If the story of two gynecologists mired in a common drug-related psychosis hadn’t happened, David Cronenberg would still have made it up. But it wasn’t necessary: In 1975, Stewart and Cyril Marcus were discovered dead in their garbage-strewn New York apartment, most likely from an overdose of barbiturates, an incident covered by Esquire and New York magazine. Of course, being Cronenberg Cronenberg, he greatly embellishes the details, adding hallucinations of malformed genitalia, alien surgical instruments, voluntary disembowelment, and a central arc involving blatant sexual coercion, making an already disturbing story even more egregious, as is his way.

The children of the 90s do not forget Alive, the heartbreaking story of a Uruguayan rugby team that had to eat its dead teammates after a plane crash in the Andes. The children of the 90s, in fact, do not forget that bombshell in the workplace. , the other true cannibal story of the decade. Well, that’s true: yes, Guy Pearce’s character, Captain John Boyd, is based on Alfred Packer, a prospector who ate five members of his own party after getting caught while crossing the Colorado Mountains in 1874. No, he didn’t become a flesh-thirsty madman after being saved. Packer’s life also encouraged another, even more made-up pseudo-biopic: Cannibal!The Musical, from 1993, directed by former South Park co-creator Trey. Parker.

In the late 1980s, the Mexican border state of Tamaulipas was terrorized by an organization of so-called “narco-Satanists,” a sprawling family of occult drug traffickers who practiced ritual human sacrifices to aid their associated cartel.
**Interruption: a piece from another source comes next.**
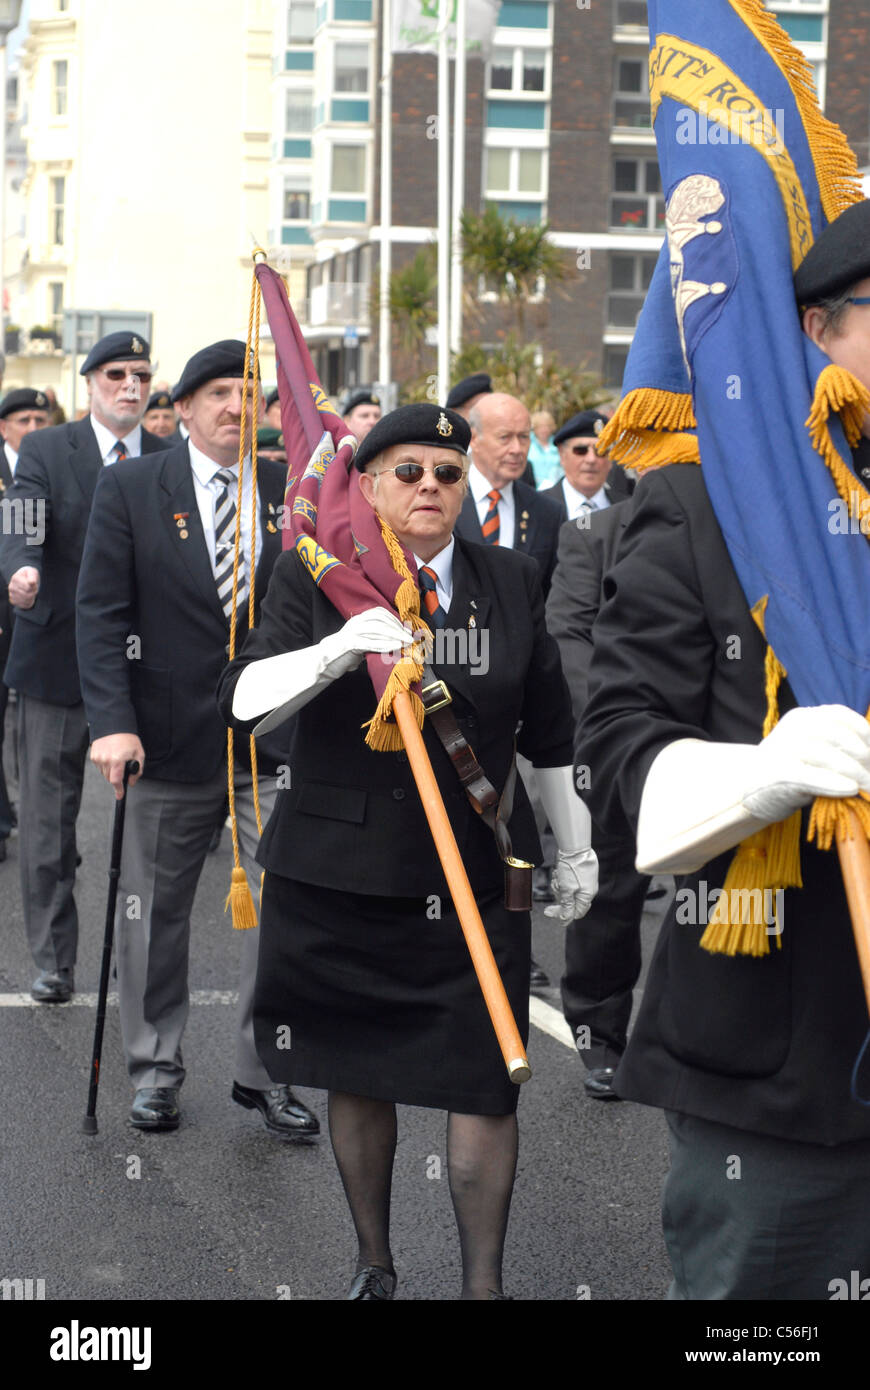 World War Two veterans march with soldiers of the 2nd Battalion The Princess of Wales's Royal Regiment  parade in Brighton. UK. Stock Photo

This independent and de facto horror film dramatizes the events surrounding the cult’s most notorious crime, the kidnapping and subsequent murder of a University of Texas medical student in 1989. While the film embellishes the details, much of it is more objective than you might think: a terrible idea.  

In ultra-religious circles, exorcisms are, of course, a very genuine and not old-fashioned practice (even The Exorcist is loosely based on a genuine incident), but The Exorcism of Emily Rose is more explicit in its inspiration. In 1975, a young German woman named Anneliese Michel began to suffer from seizures and hallucinations. At the request of her Catholic parents, two local priests began dozens of exorcism rites until she died of malnutrition. Her parents were later charged with negligent homicide. Director Scott Derrickson combines those facts with a dash of liberal fiction, creating an engaging mix of mental suspense, demonic horror, and legal drama.

Obviously, a movie about alien abductions stretches the definition of “true story,” but former lumberjack Travis Walton has never stopped insisting that on November 5, 1975, he was sucked into an alien spacecraft, violently probed, and then thrown onto his side. . . from an Arizona highway. Whatever the actual event, the depiction of Walton’s kidnapping in this atmospheric refrigerator turns out to be real. It’s an eerie tactile experience: you see his captors in terrifying close-ups, you can almost taste the substance they put in his mouth, and the less he communicates about the climatic “eye test,” the better.

It’s not a wonderful movie, not even with Helen Mirren in the lead role, but it’s a wonderful story. According to legend, after the sudden death of her husband, gun maker William Winchester, his widow, Sarah, began making extensions to their Northern California mansion (piles of extra rooms, random doors, stairs that led nowhere) supposedly at the behest of the spirits. of those killed with his rifle of the same name. It’s usually trash: renovations were usually the result of hasty maintenance after the 1906 San Francisco earthquake. But hey, by choosing between myth and reality, I filmed the myth.

Have you been there? Think again, my friend.